L’AMI doit couvrir 11 millions de personnes, adhérents et ayants droit compris
Maintenant que se passera-t-il une fois l’AMI instaurée? Le système en passe d’être monté consiste en une couverture complémentaire aussi bien pour les notaires que pour leurs collaborateurs actuellement couverts par l’assurance maladie obligatoire.
Selon des observateurs, «ces recherches de solutions alternatives ne peuvent qu’être provisoires car la gestion d’un régime de couverture médicale ou de retraite n’est pas chose aisée. Il y a des organismes spécialisés en la matière, il faut donc leur confier cette tâche». Ils font remarquer que «l’exemple de la mutuelle générale des barreaux du Maroc est certes une bonne initiative, mais un premier déficit est apparu au bout de trois ans d’exercice».

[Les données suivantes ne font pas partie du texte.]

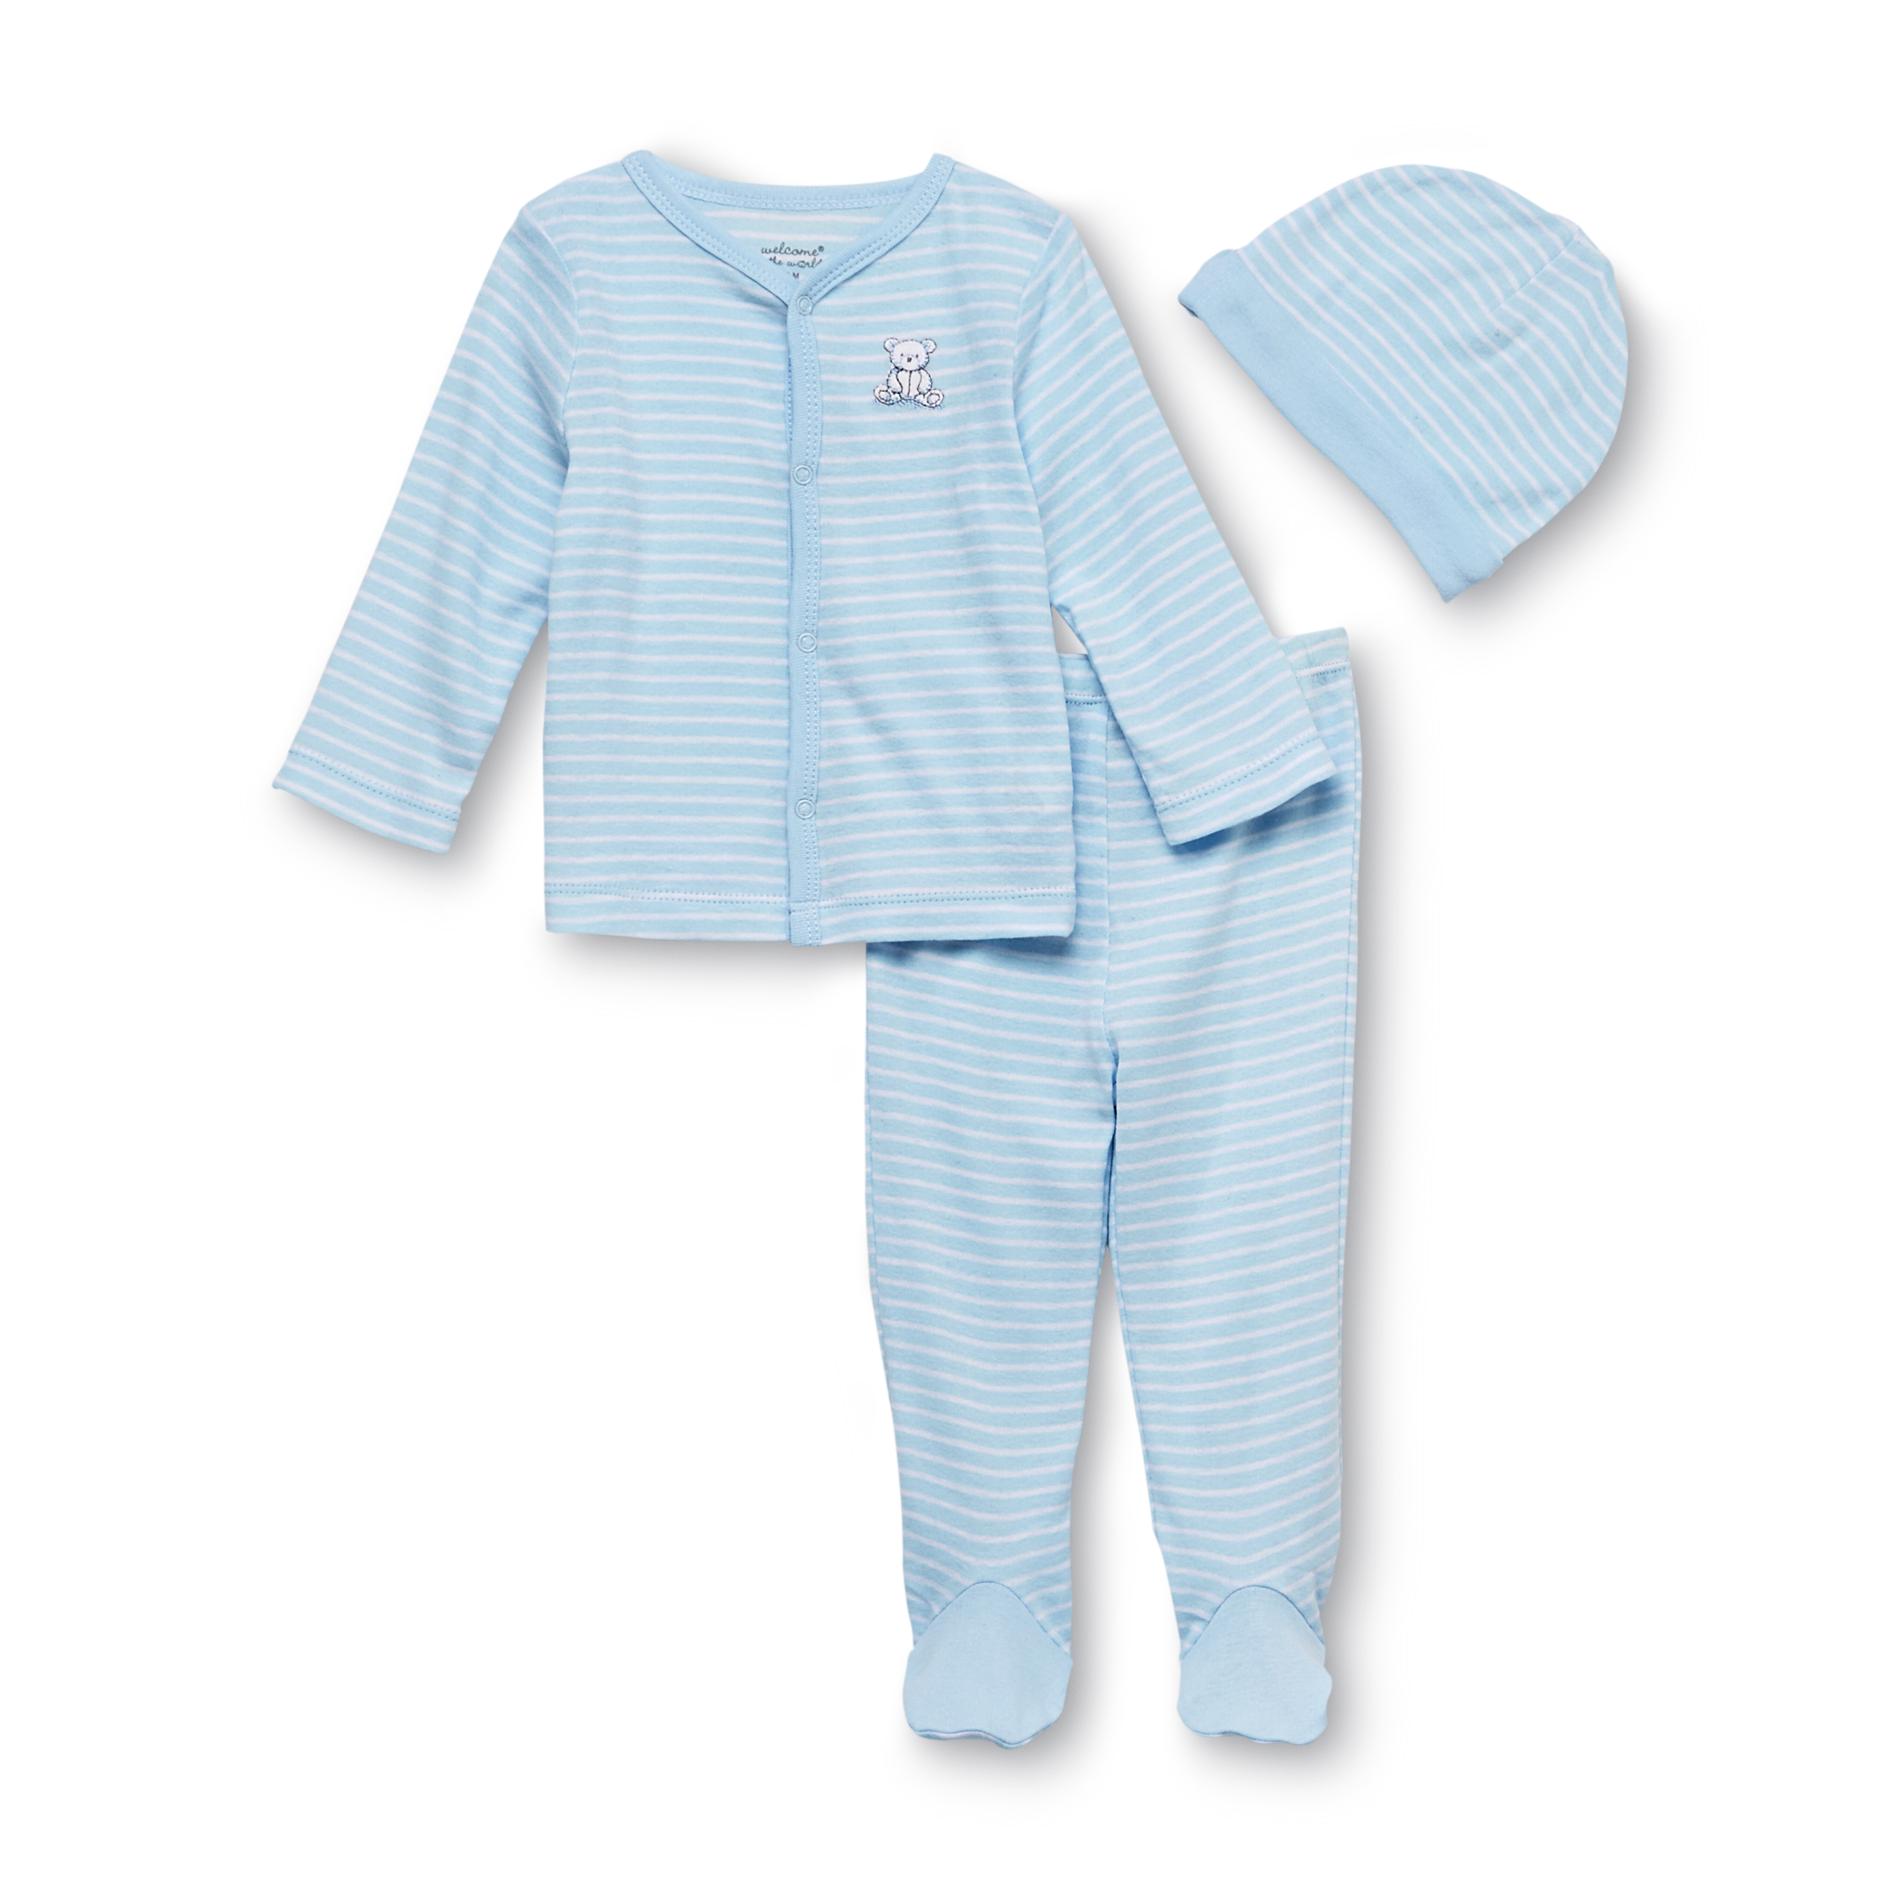 Welcome to the World Newborn Boy's Hat  Shirt & Pants - Teddy Bear & Striped

Pour éviter de concevoir des régimes spécifiques fragiles et aléatoires, des spécialistes de la question soulignent l’urgence de l’adoption de l’AMI qui doit concerner une population de 11 millions de personnes (adhérents et ayants droit). Elargissant la couverture médicale de base qui bénéficie actuellement, selon les statistiques du ministère de la santé, à 17,4 millions de personnes, l’AMI offrira aux professions libérales le même panier de soins que l’AMO. La CNSS qui gérera l’AMI dit être techniquement prête pour la gestion de ce nouveau régime.